RUU TNI Tuai Pro-Kontra, Kini Resmi Diajukan ke Paripurna. Ini Poin Perubahannya!
Rancangan Undang-Undang (RUU) tentang Tentara Nasional Indonesia (TNI) saat ini sedang dalam proses pembahasan oleh Dewan Perwakilan Rakyat (DPR) bersama pemerintah. Pada 18 Maret 2025, Komisi I DPR RI dan pemerintah menyepakati RUU tersebut untuk dibawa ke pembicaraan tingkat II dalam rapat paripurna, yang dijadwalkan dalam waktu dekat.

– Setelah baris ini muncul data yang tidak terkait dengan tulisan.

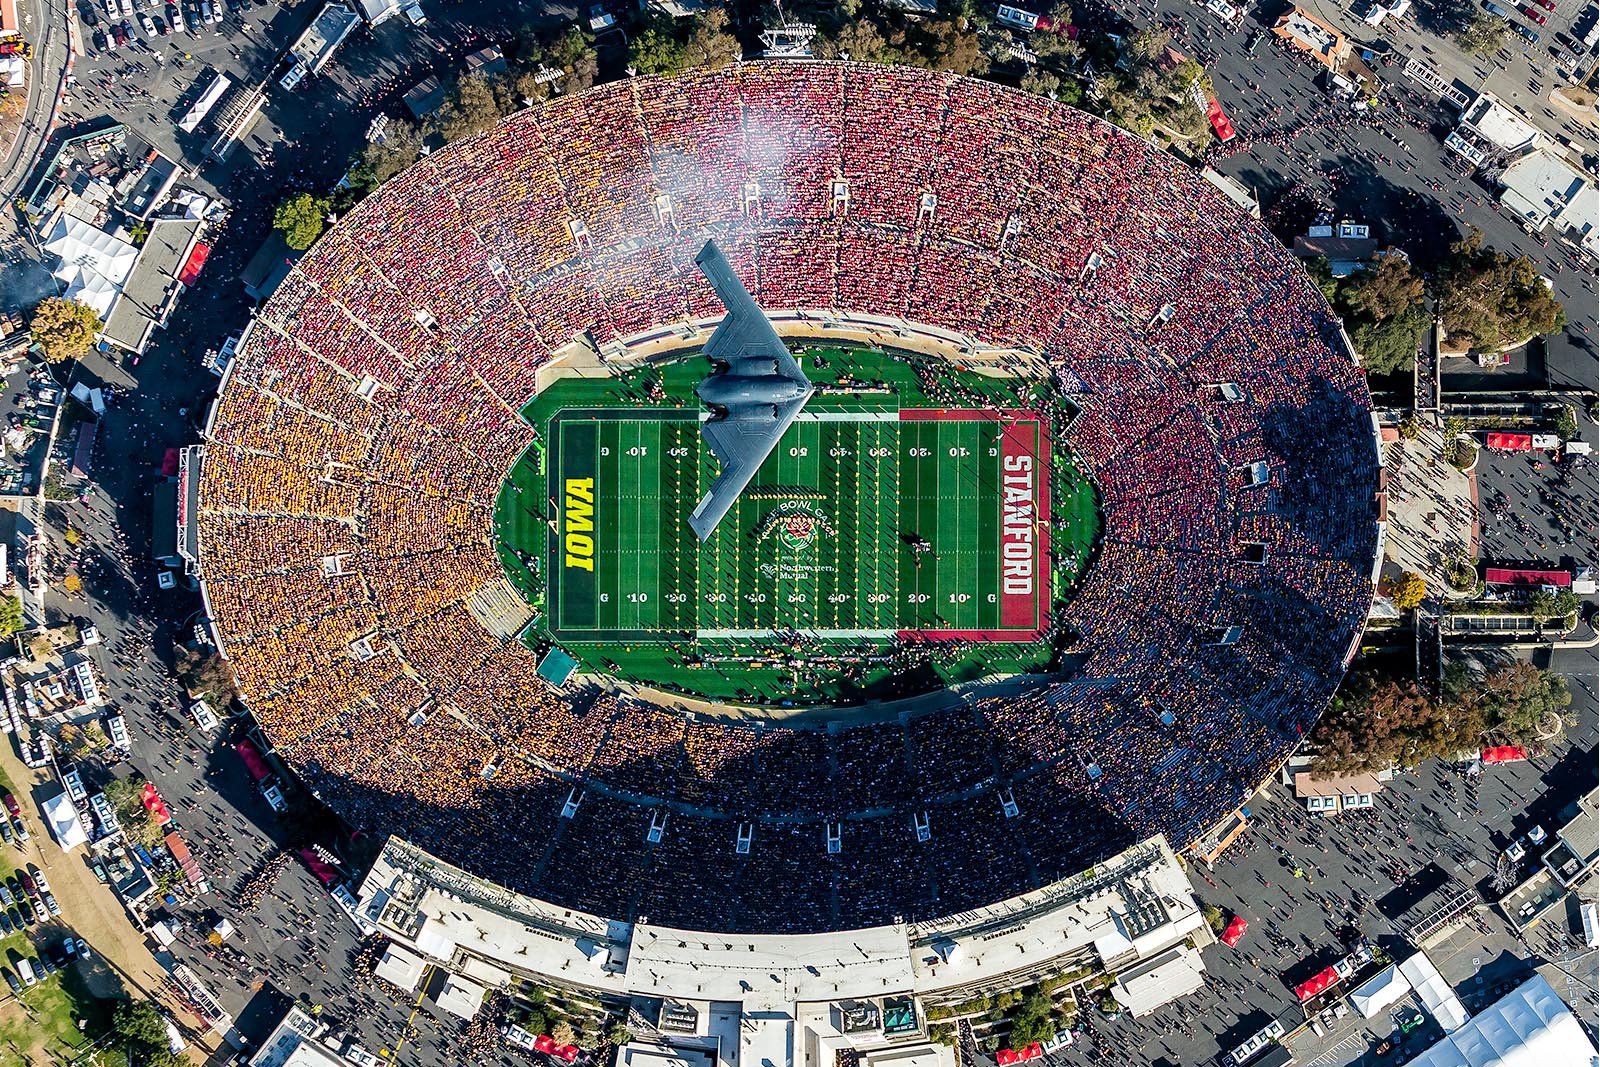 Mark Holtzman's B2 Flying over the Rose Bowl Game Photo Featured in

Ini merupakan usulan legislasi yang bertujuan untuk mengatur berbagai aspek terkait TNI, termasuk struktur organisasi, peran, fungsi, dan tanggung jawabnya. RUU ini dirancang untuk menyesuaikan regulasi TNI dengan perkembangan zaman dan kebutuhan pertahanan negara. Perubahan dalam hal ini yaitu pada usulan penambahan jumlah kementerian dan lembaga yang dapat diisi oleh prajurit TNI aktif, dari sebelumnya 10 menjadi 16 institusi.
Sesuai data yang diambil pada Katadata.com, menyatakan bahwa Dalam pembahasan terbaru Rancangan Undang-Undang (RUU) Nomor 34 Tahun 2004 tentang Tentara Nasional Indonesia (TNI), terdapat beberapa perubahan signifikan yang disepakati oleh panitia kerja (Panja) DPR pada 17 Maret 2025.

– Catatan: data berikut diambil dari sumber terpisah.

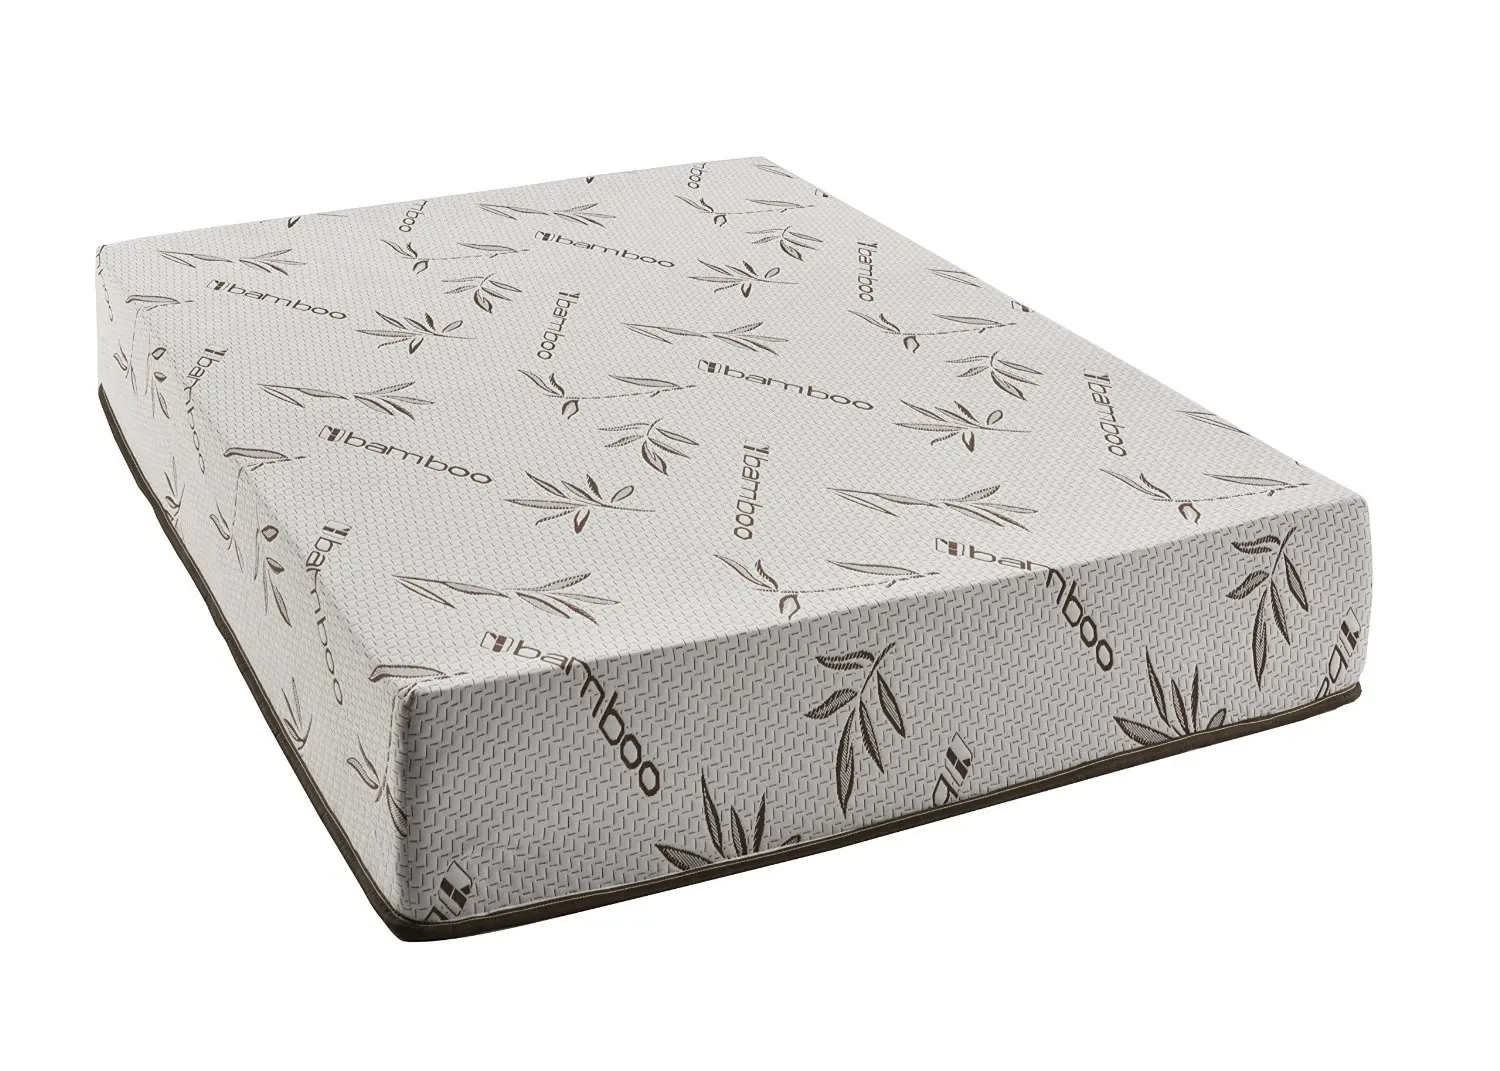 memory foam king mattress with hypoallergenic bamboo cover

Perubahan Utama dalam RUU TNI:
1. Penghapusan Wewenang TNI dalam Penanganan Narkotika, yaitu Pada pasal 7 ayat (2), pemerintah awalnya mengusulkan penambahan tugas TNI di luar operasi militer, termasuk penanganan ancaman siber, operasi penyelamatan WNI di luar negeri, dan pemberantasan narkotika. Namun, setelah pembahasan, wewenang TNI untuk menangani masalah penyalahgunaan narkotika dihapuskan.
2. Pembatasan Jabatan Perwira TNI Aktif di Kementerian/Lembaga, yang pada Pasal 47 mengalami revisi terkait penempatan perwira TNI aktif di kementerian atau lembaga. Dalam UU TNI 2004, prajurit dapat menduduki jabatan pada 10 kementerian atau lembaga. Dalam RUU terbaru, perwira TNI aktif hanya dapat menjabat di 15 kementerian/lembaga, yang sebelumnya diusulkan menjadi 18. Salah satu perubahan spesifik adalah penghapusan kemungkinan perwira TNI aktif menjabat di Kementerian Kelautan dan Perikanan (KKP).
Sementara itu, Anggota Komisi I DPR Mayjen TNI (Purn) TB Hasanuddin memberikan perhatian khusus pada Pasal 39 yang tetap melarang prajurit aktif untuk bergabung sebagai anggota partai politik, terlibat dalam politik praktis, menjalankan bisnis, serta mencalonkan diri sebagai anggota legislatif dalam pemilu maupun jabatan politik lainnya. "Ketentuan ini tidak mengalami perubahan. Prajurit TNI tetap dilarang menjadi anggota partai politik, berbisnis, atau mencalonkan diri dalam pemilu untuk posisi legislatif maupun jabatan politik lainnya," ujarnya.
Berikut Draf final RUU TNI pasal 47 soal 14 K/L yang Bisa Diduduki TNI Aktif:
Keterangan (*): Diusulkan masuk dalam revisi UU TNI
1. Kementerian Koordinator Bidang Politik, Hukum, dan Keamanan (Kemenko Polhukam)
2. Pertahanan Negara termasuk Dewan Pertahanan Nasional
3. Kesekretariatan negara yang menangani urusan kesekretariatan presiden dan kesekretariatan militer presiden
4. Badan Intelijen Negara (BIN)
5. Badan Siber dan Sandi Negara (BSSN)
6. Lembaga Ketahanan Nasional (Lemhannas)
7. Badan SAR Nasional (Basarnas)
8. Badan Narkotika Nasional (BNN)
9. Mahkamah Agung (MA)
10. Badan Pengelola Perbatasan Publik (BNPP)*
11. Badan Nasional Penanggulangan Bencana (BNPB)*
12. Badan Nasional Penanggulangan Terorisme (BNPT)*
13. Badan Keamanan Laut (Bakamla)*
14. Kejaksaan Agung (Kejagung)*
Proses Legislasi Selanjutnya: Setelah disepakati di tingkat Panja, RUU TNI akan dibawa ke Rapat Paripurna DPR untuk disahkan menjadi undang-undang. Rapat Paripurna dijadwalkan pada 20 Maret 2025.